The most authentic version of myself?
For my parents, I am Hannah Elizabeth.
Beautiful, strong, resilient—
On the outside.
For my teachers, I am #133193
29 ACT, 1950 SAT, 4.3 GPA—
On the papers.
For the public, I am Rebellion.
I cannot wait to leave, I cannot wait to be alone—
On the media.
For my friends, I am Supportive.
My worries and fears are irrelevant—
On my façade.
For myself, I am FREE.
I am scratching my head over a 1500 piece puzzle,
Composed of the best of Van Gogh and Monet.
I am screaming inside as I’ve stubbed my pinky toe,
Cursing the elegant, innocent coffee table.
I am crying because my dearest Rhett left my darling Scarlett,
Even though she deserves every aching beat of her heart.
I am pulling up a chair and a warm comforter fresh out of the dryer,
Counting each flash of lightning outside my window.

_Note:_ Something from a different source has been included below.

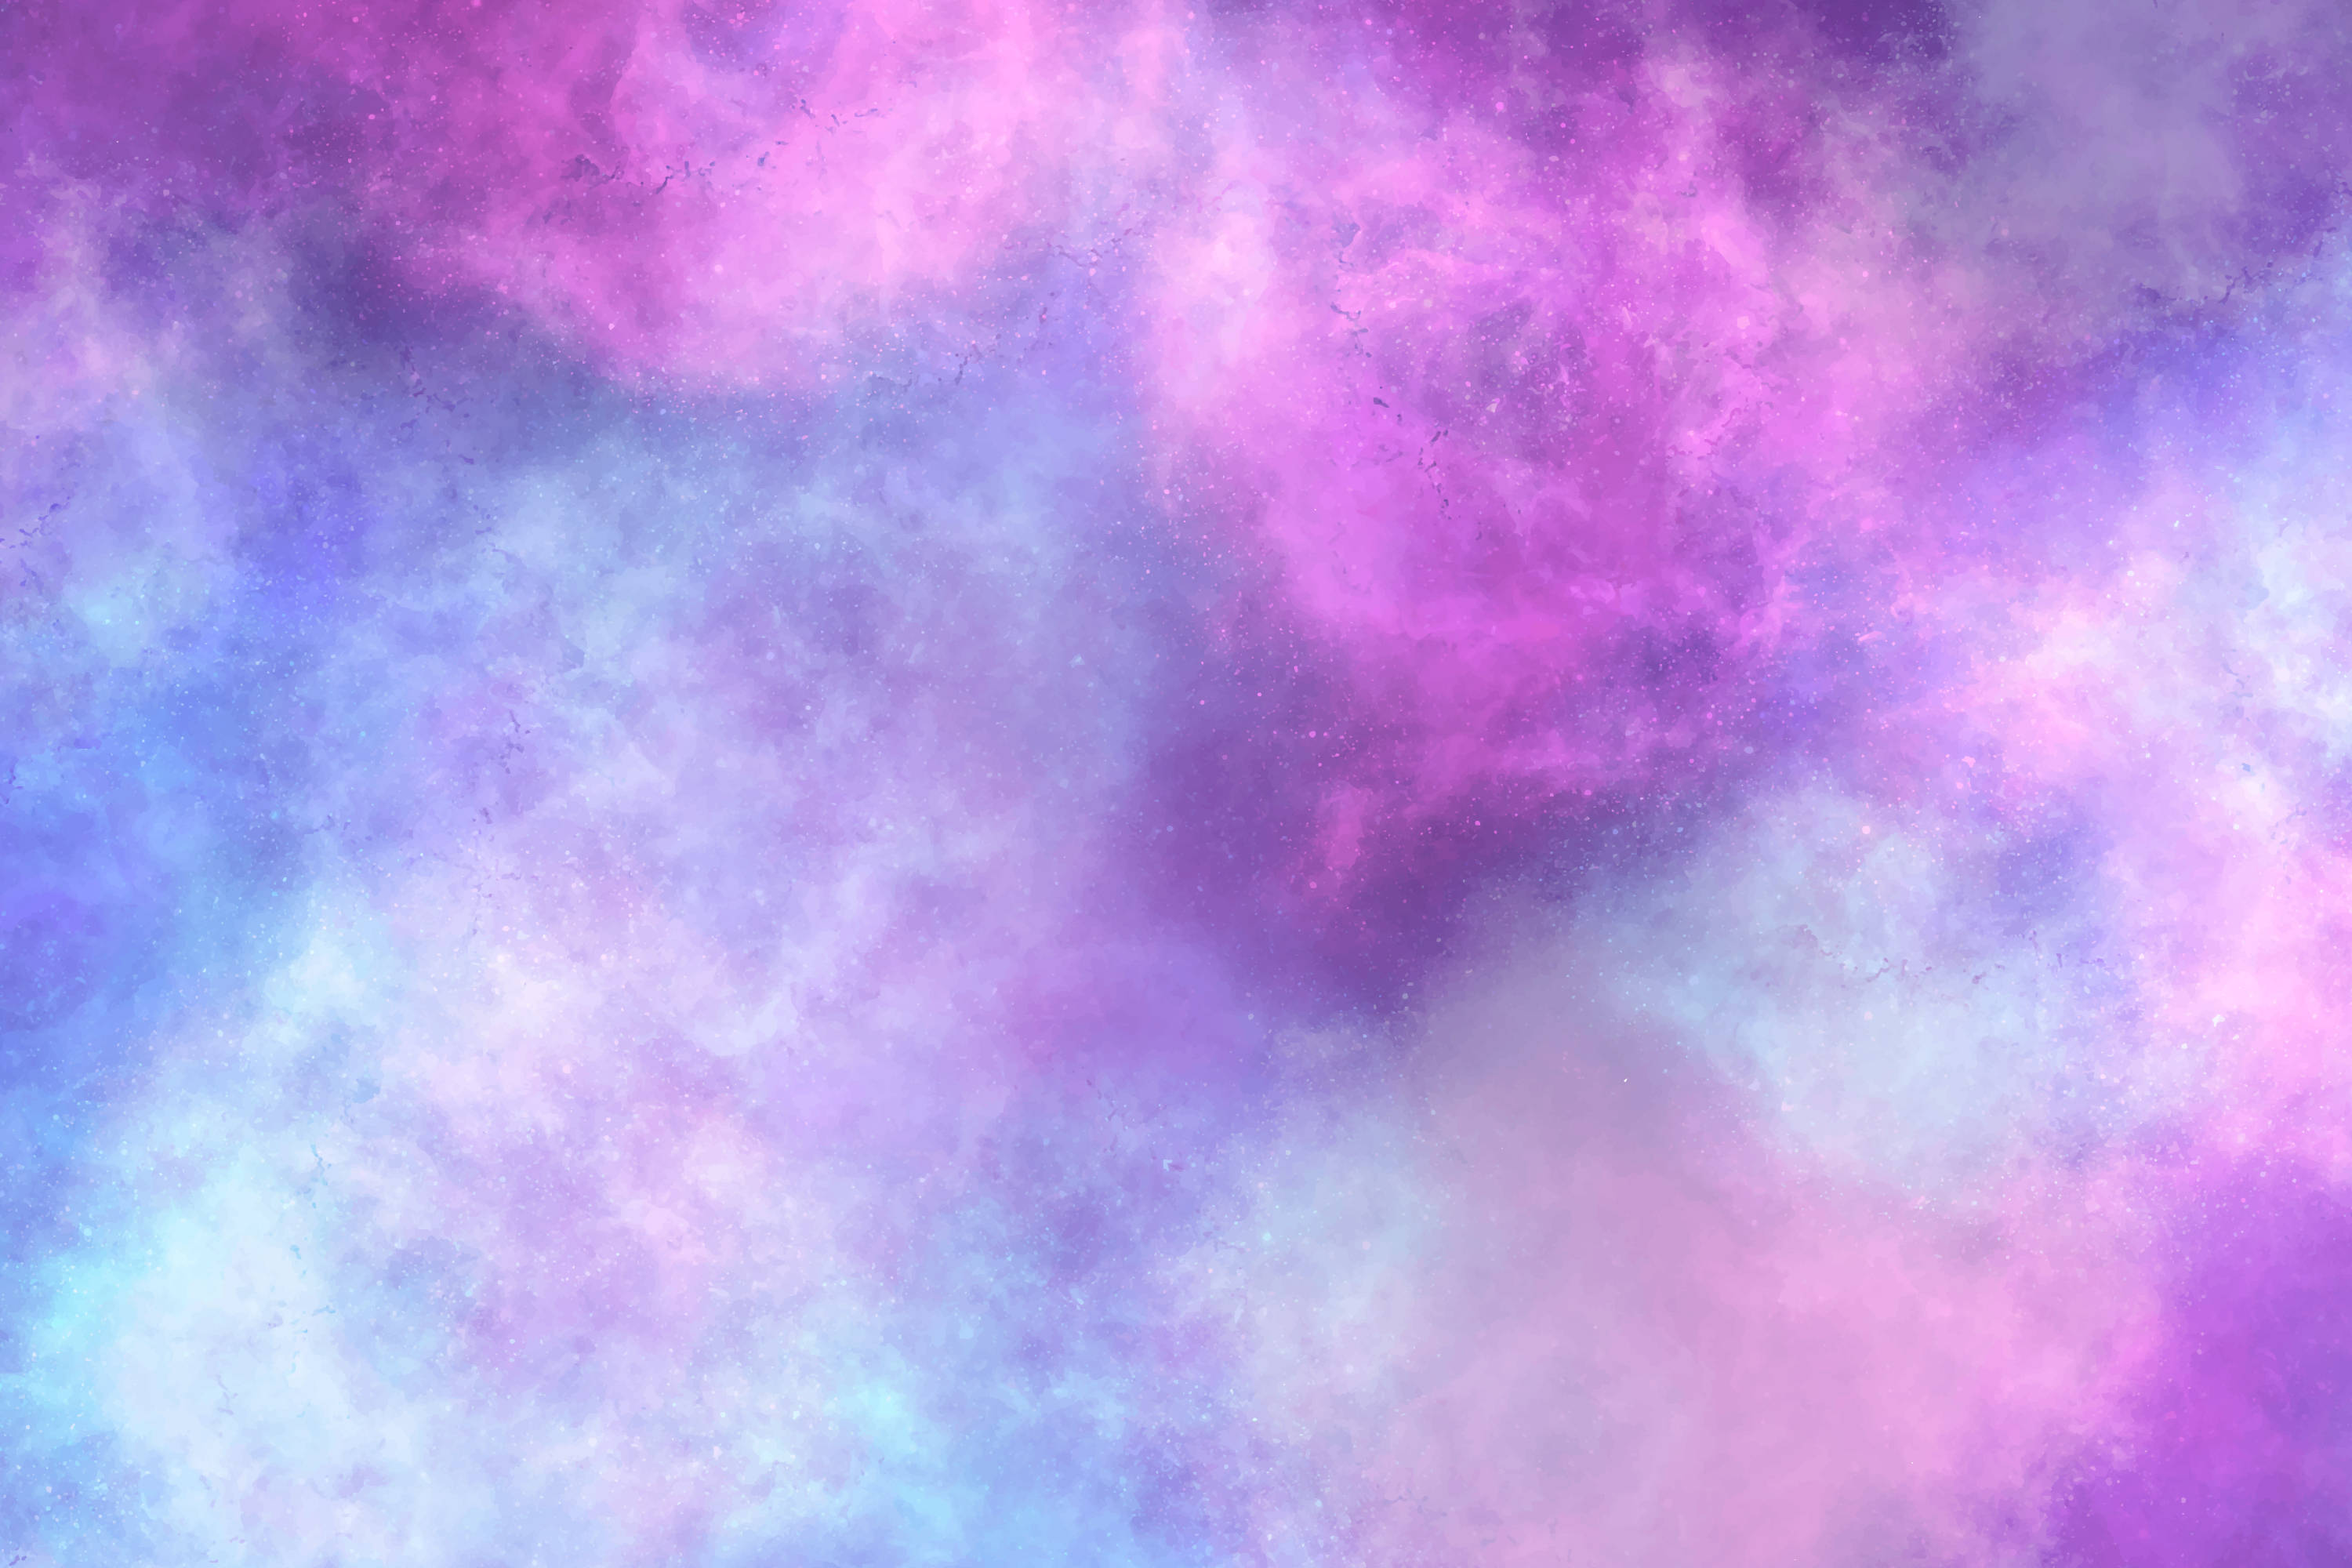 Papelde Parede De Computador Ou Celular: Galáxia De Aquarela Em Tons De Rosa-roxo. Papel de Parede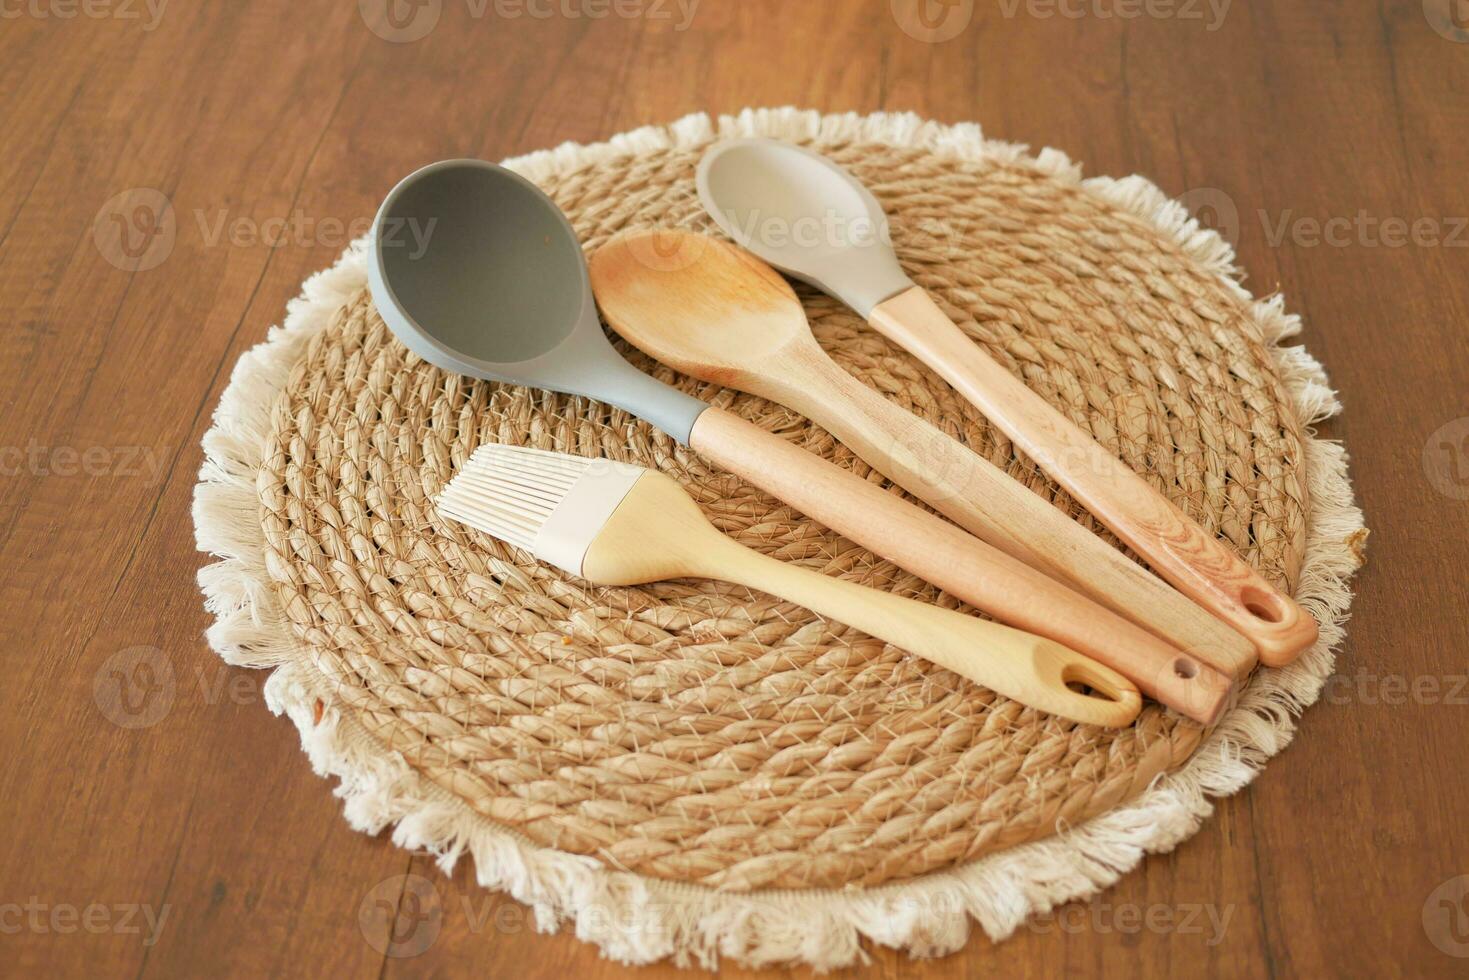 fourchette et cuillère à couverts en bois sur une planche à découper sur la table photo

I am laughing at the world’s worst feminist play, The Taming of the Shrew,
Simultaneously praising and cursing the mighty Shakespeare’s genius.
I am pulling out my hair, screaming as loud as my lungs allow,
Because somebody ate the last of my orange sherbet that I was looking forward to.
I am finding relief in punching, kicking the solid air,
Relieving my emotional imbalance with each exhale of breath.
I am none other than who I am.
Stubborn, conceited, anxious, a perfectionist—
Yet here I still stand, still beautiful in my own eyes,
Because throughout my many faces of life, I am still me.